> Information shown:
--- --- ---

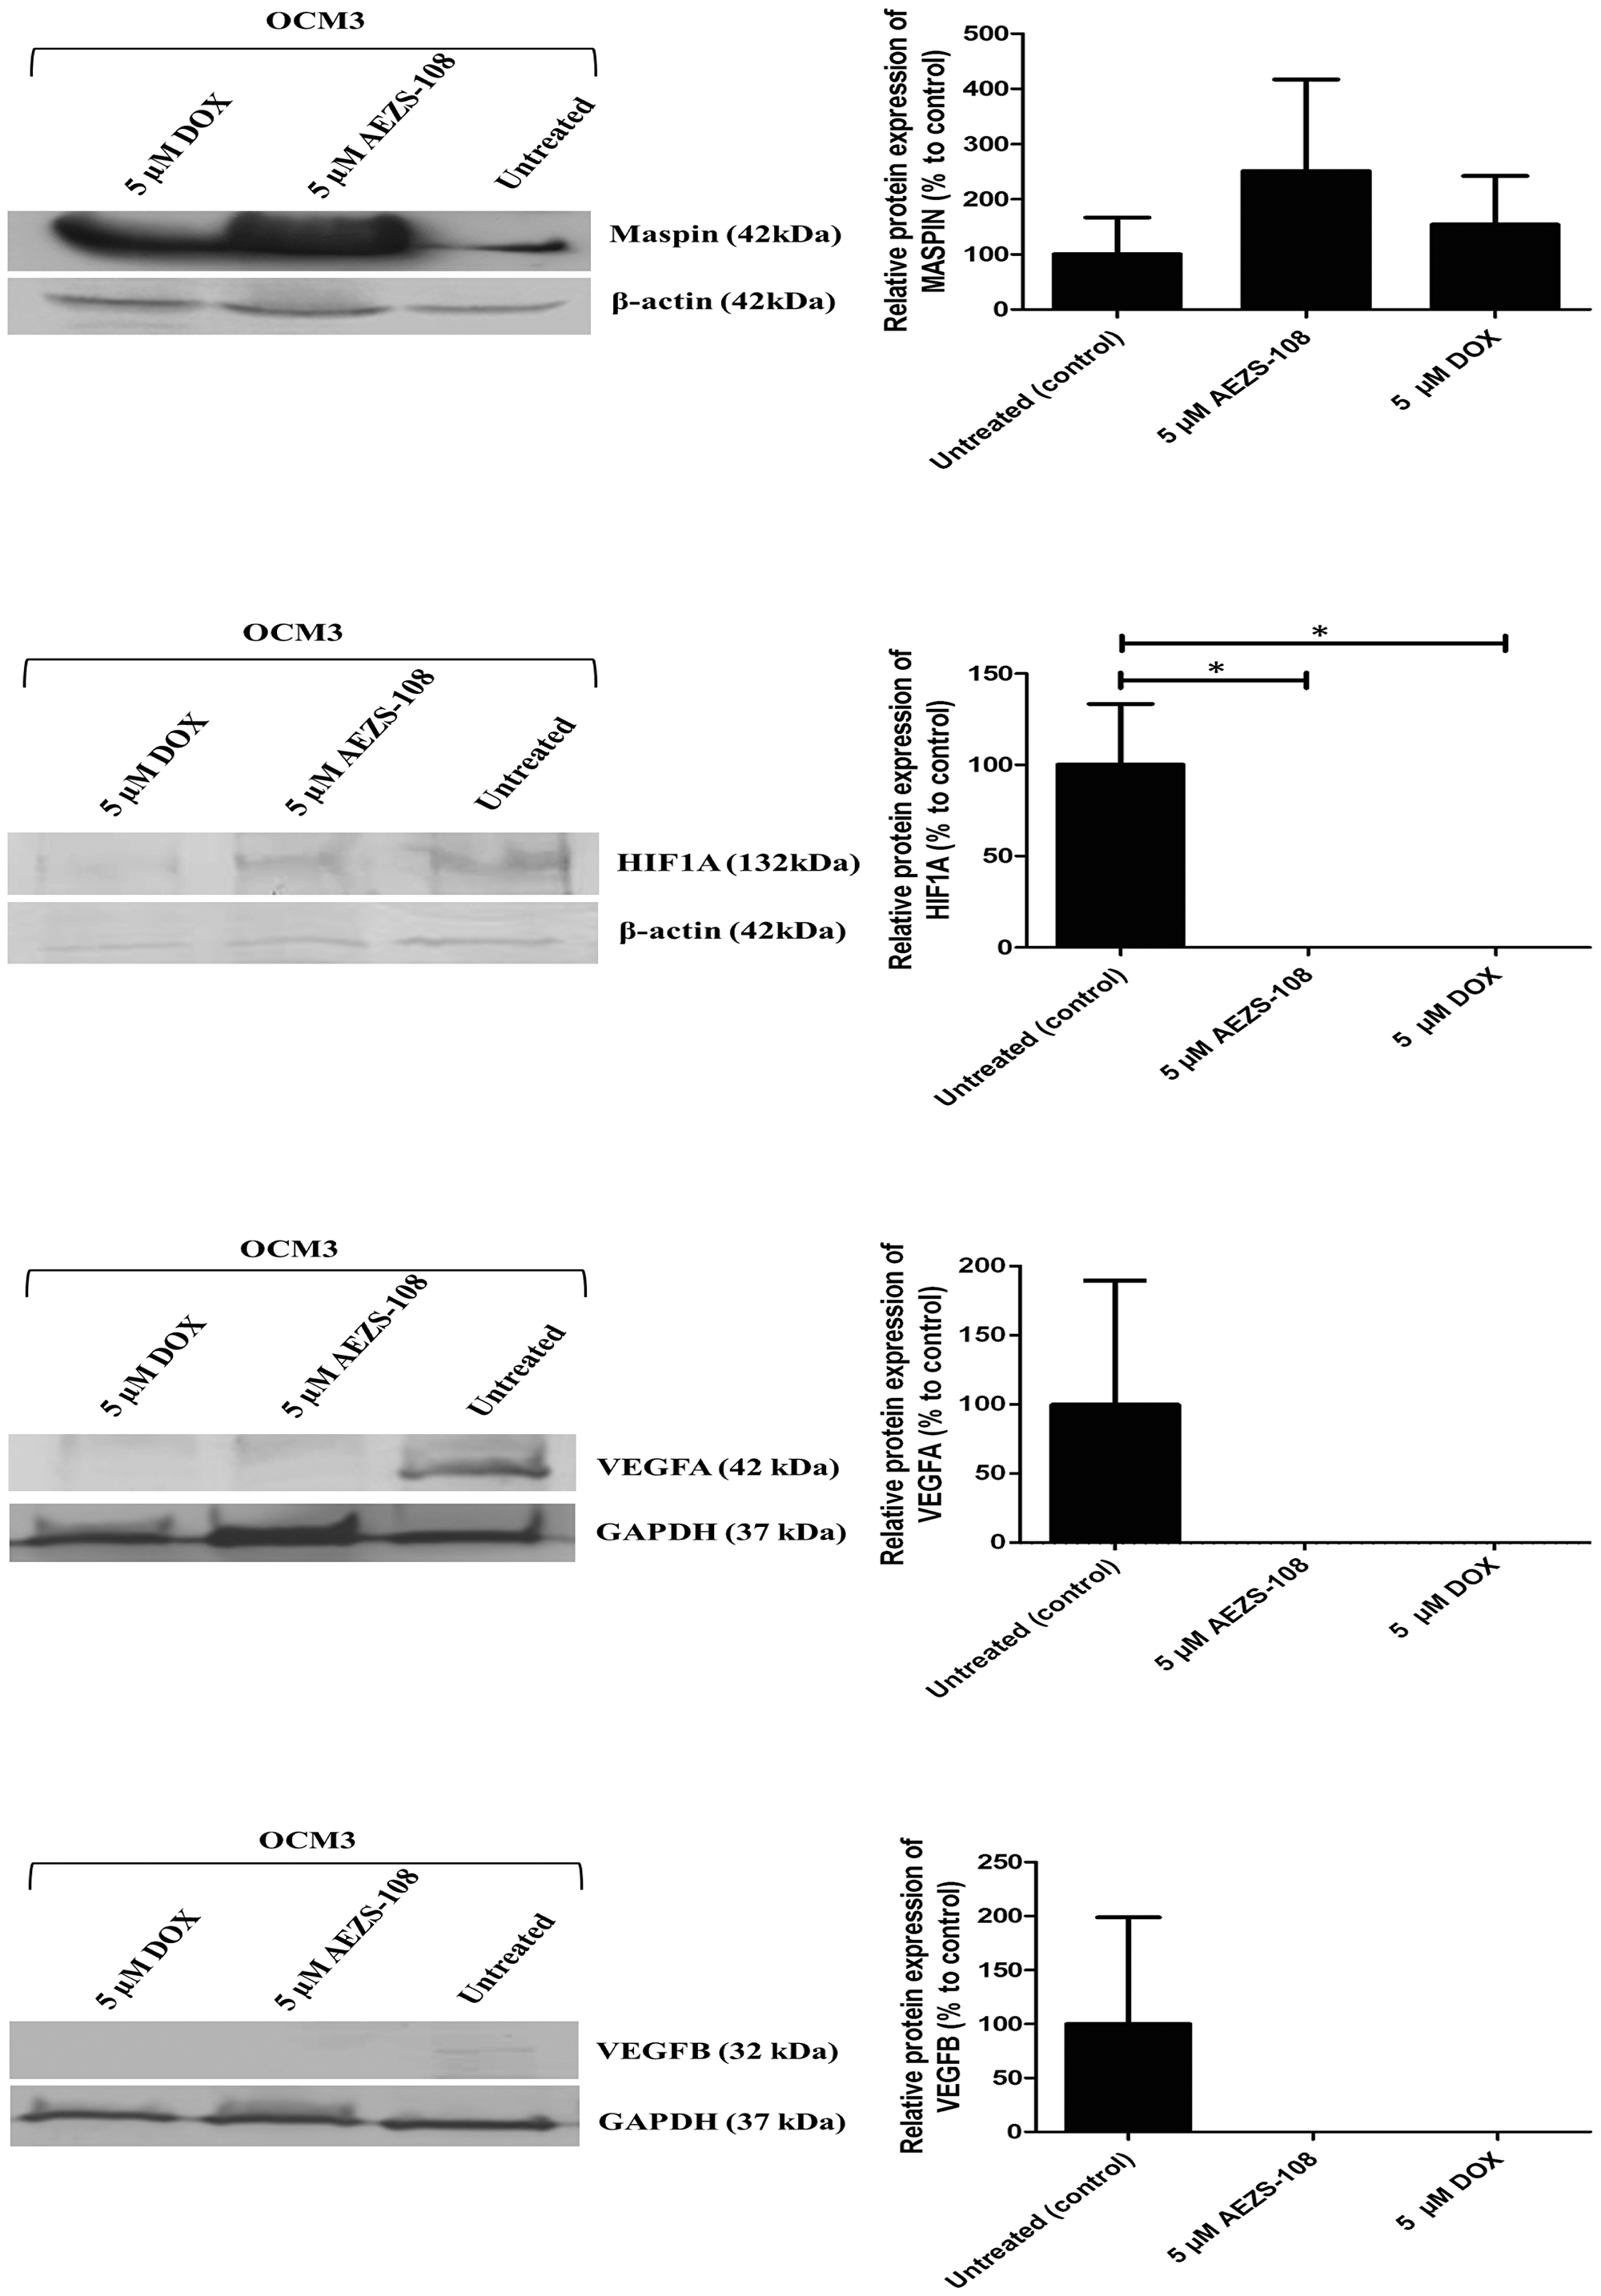 Western blot analysis of MASPIN, HIF1A, VEGFA and VEGFB protein expression after 24 hours of treatment with 5 µM AEZS-108 and 5 µM free DOX treatments from OCM3 cells.
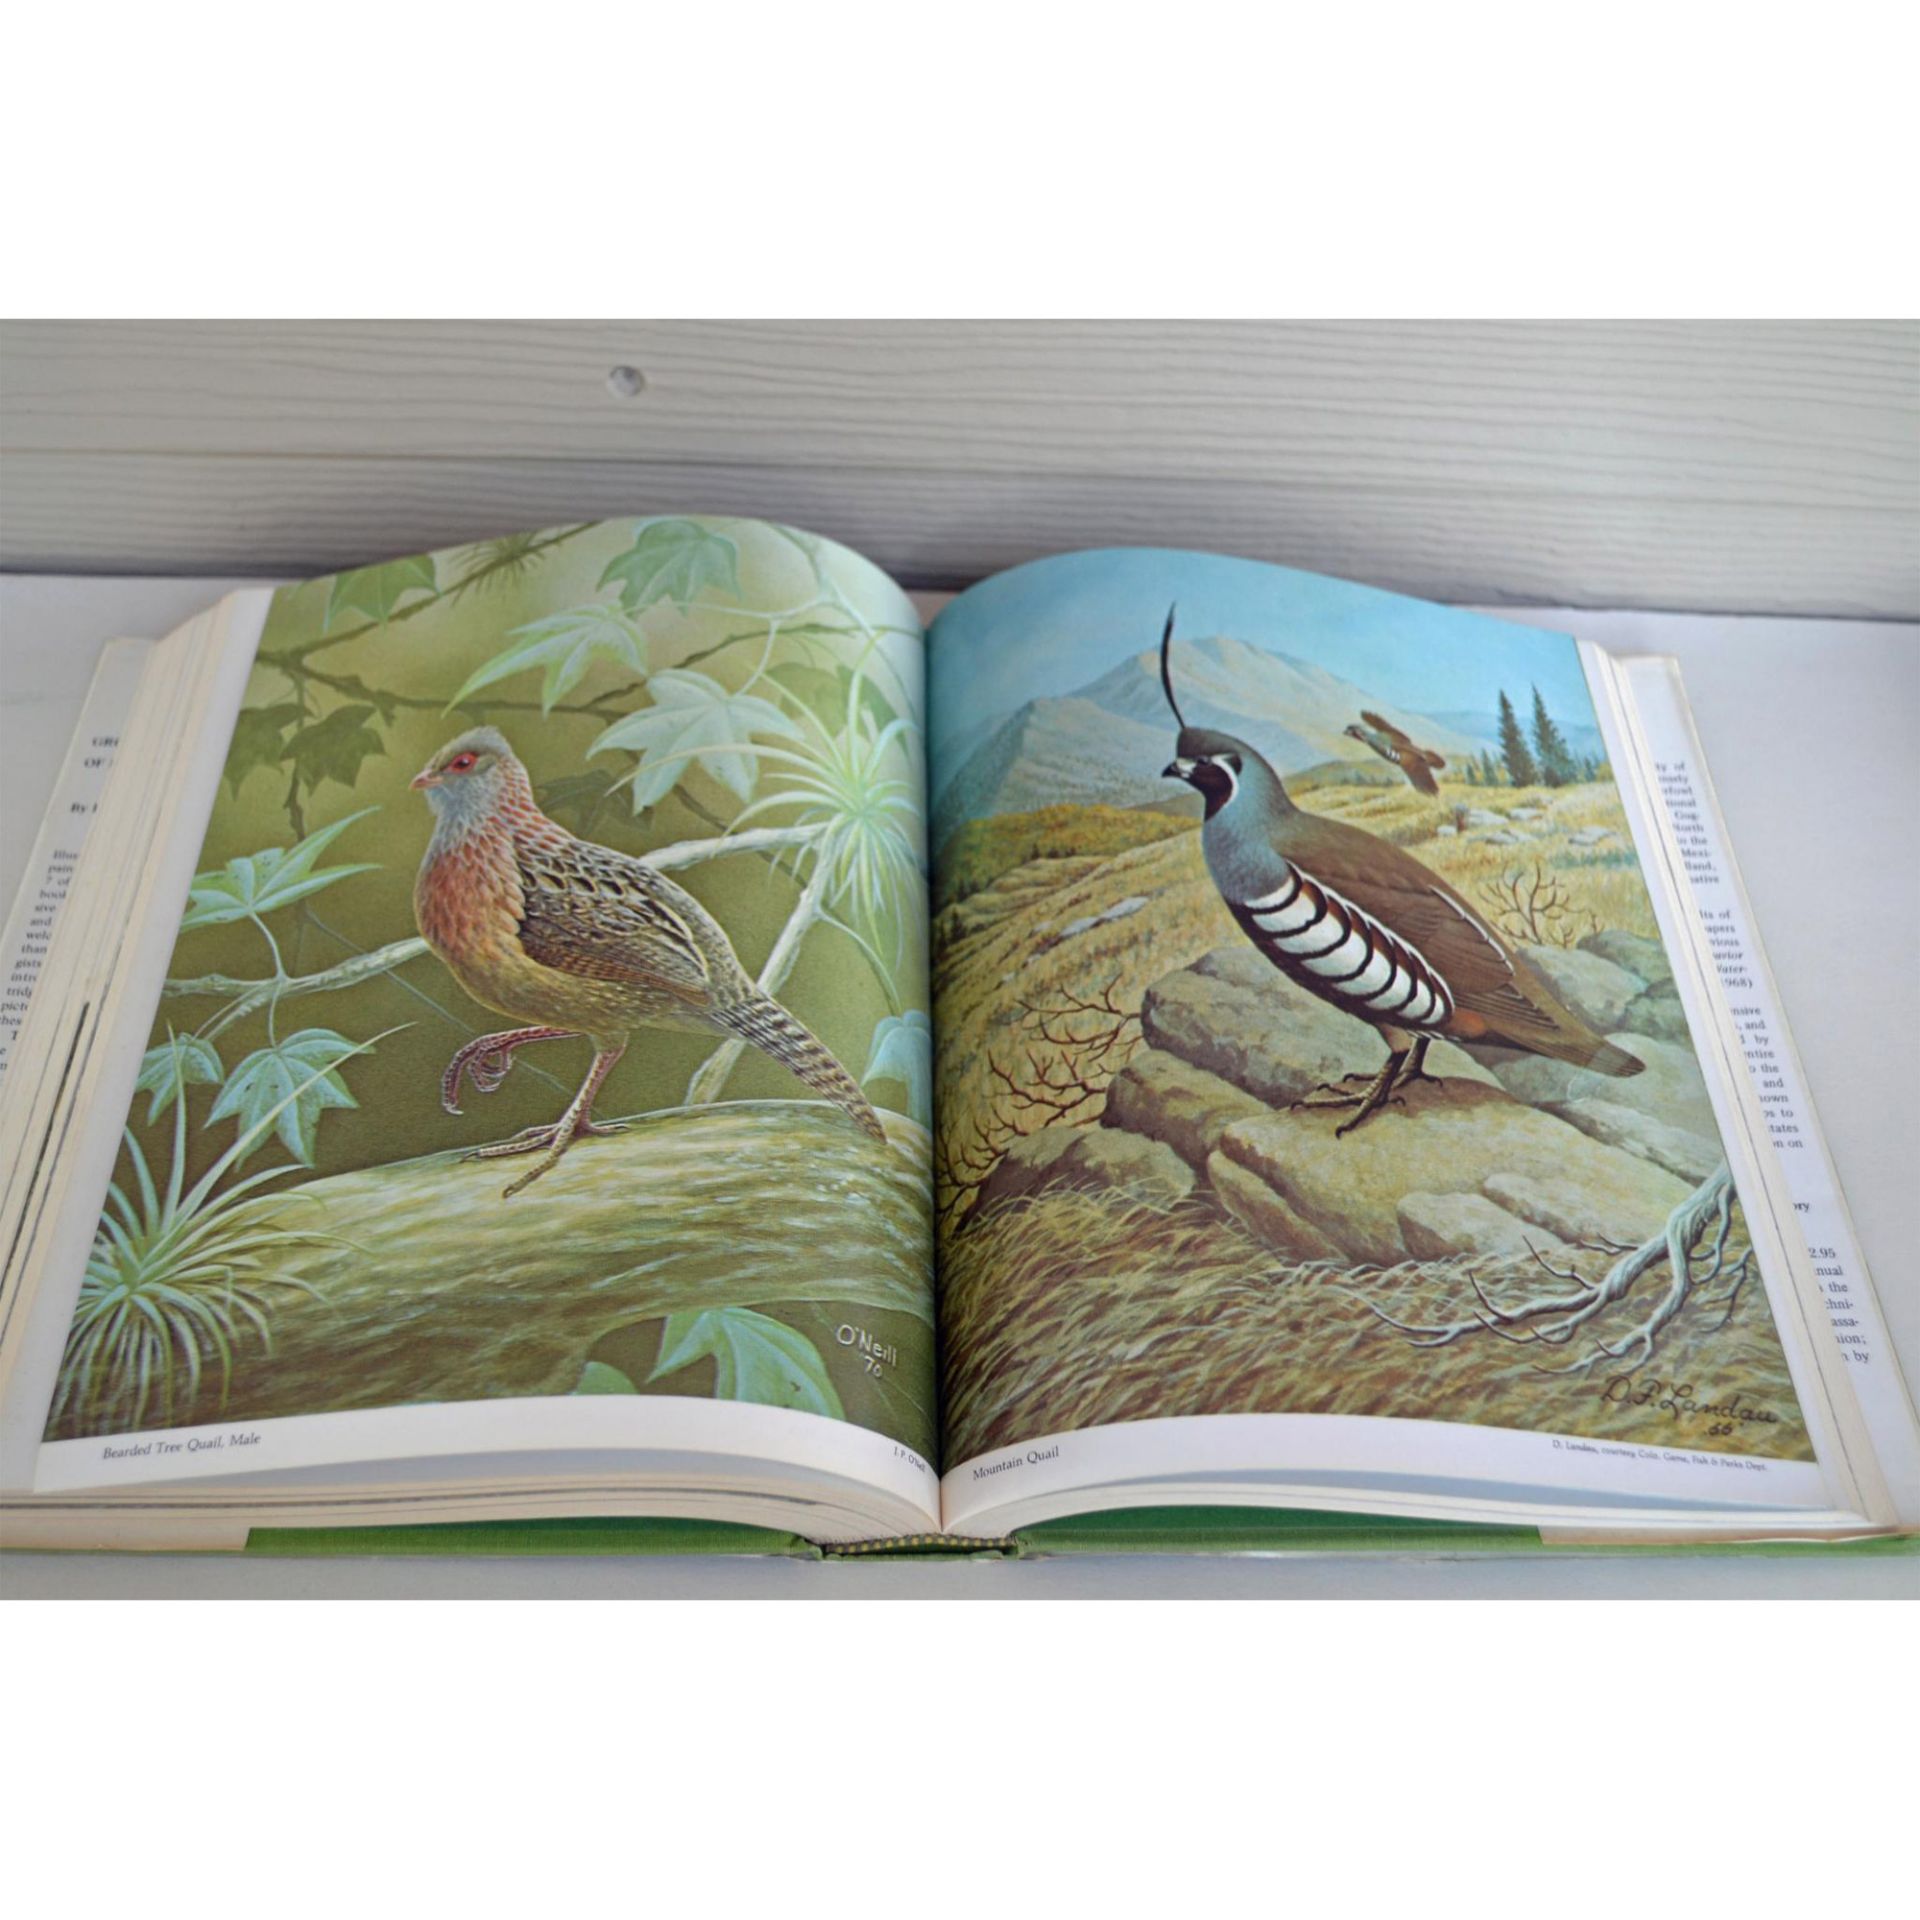 Seven Coffee Table Books, A Collection Of Birds, Animals, The National Audubon Society, The Great Ap - Image 5 of 8
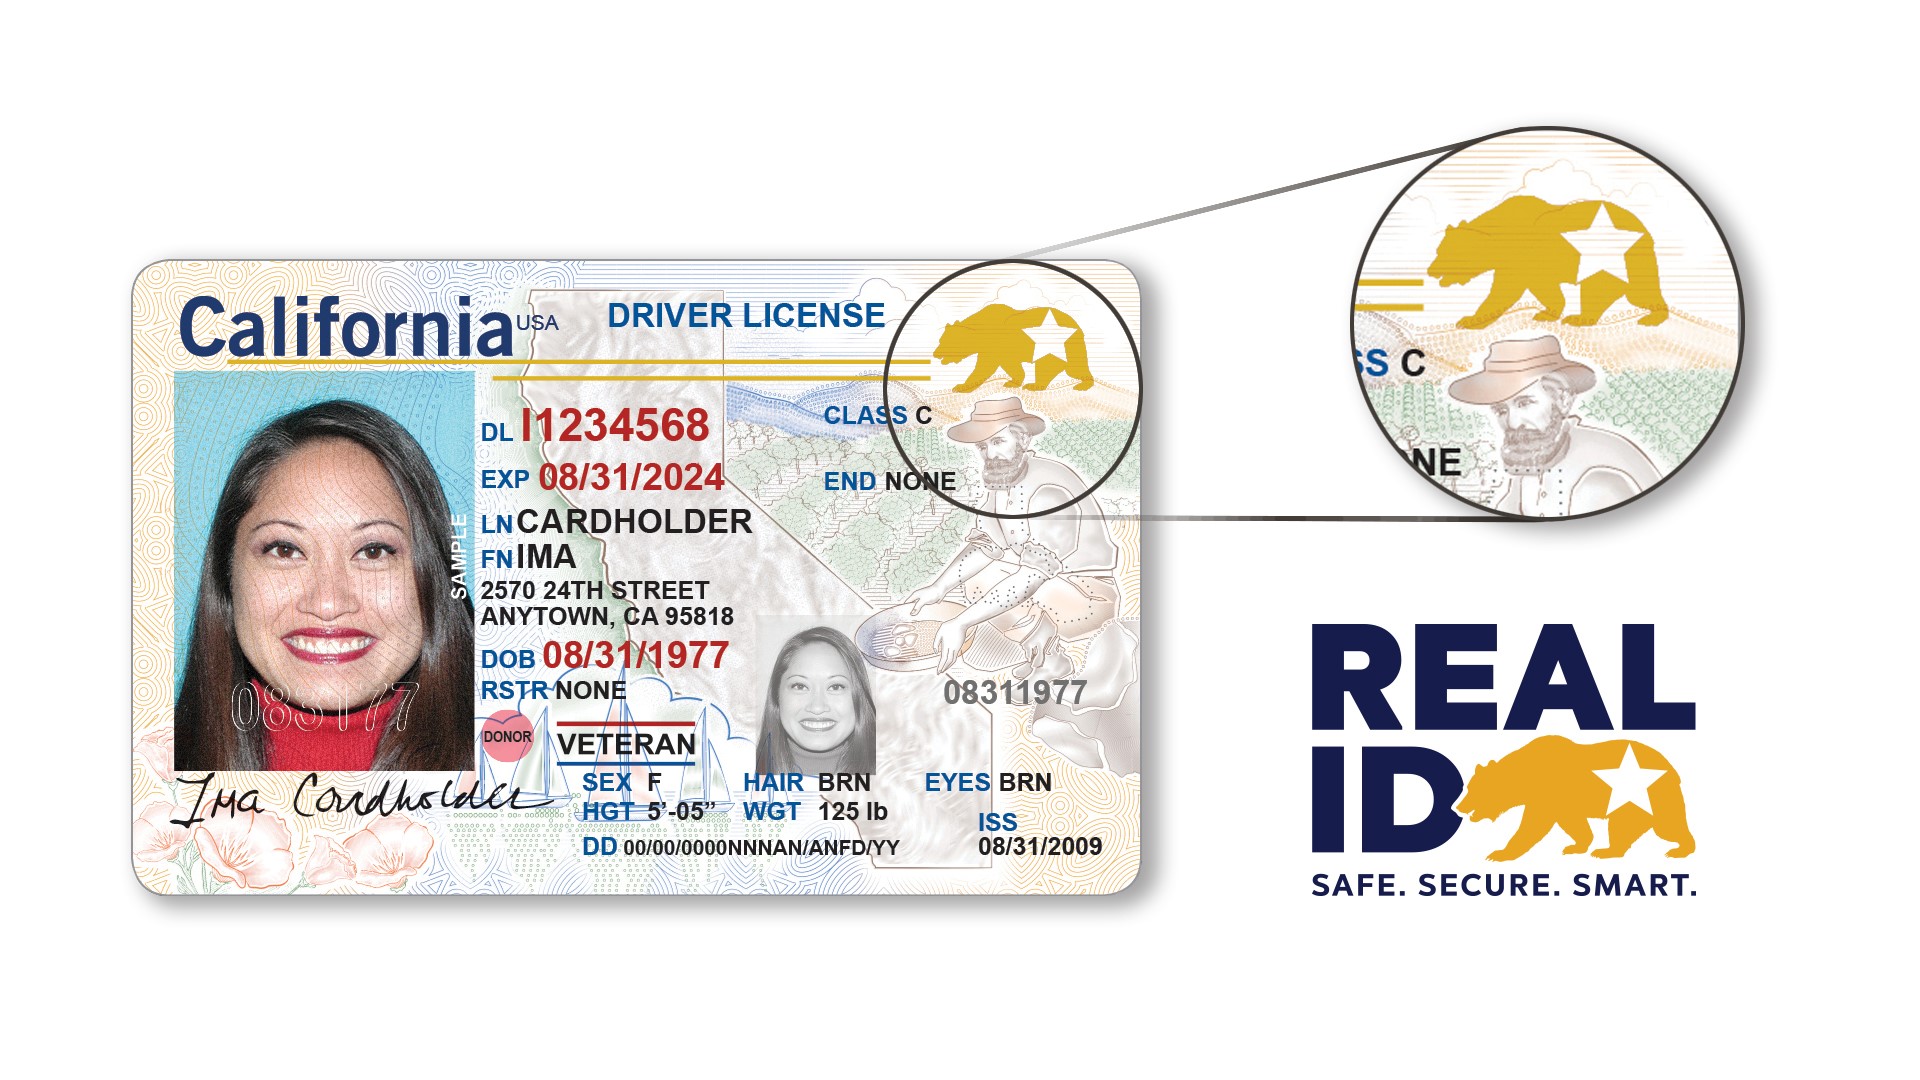 TSA encourages travelers who fly out of Santa Barbara Municipal Airport to get a REAL ID-compliant driver license or identification card

--- --- ---

> Assigned task:
Reproduce all of the material above word for word. Omit the pictures.

> Response box:
 Western blot analysis of MASPIN, HIF1A, VEGFA and VEGFB protein expression after 24 hours of treatment with 5 µM AEZS-108 and 5 µM free DOX treatments from OCM3 cells.
 Seven Coffee Table Books, A Collection Of Birds, Animals, The National Audubon Society, The Great Ap - Image 5 of 8
 TSA encourages travelers who fly out of Santa Barbara Municipal Airport to get a REAL ID-compliant driver license or identification card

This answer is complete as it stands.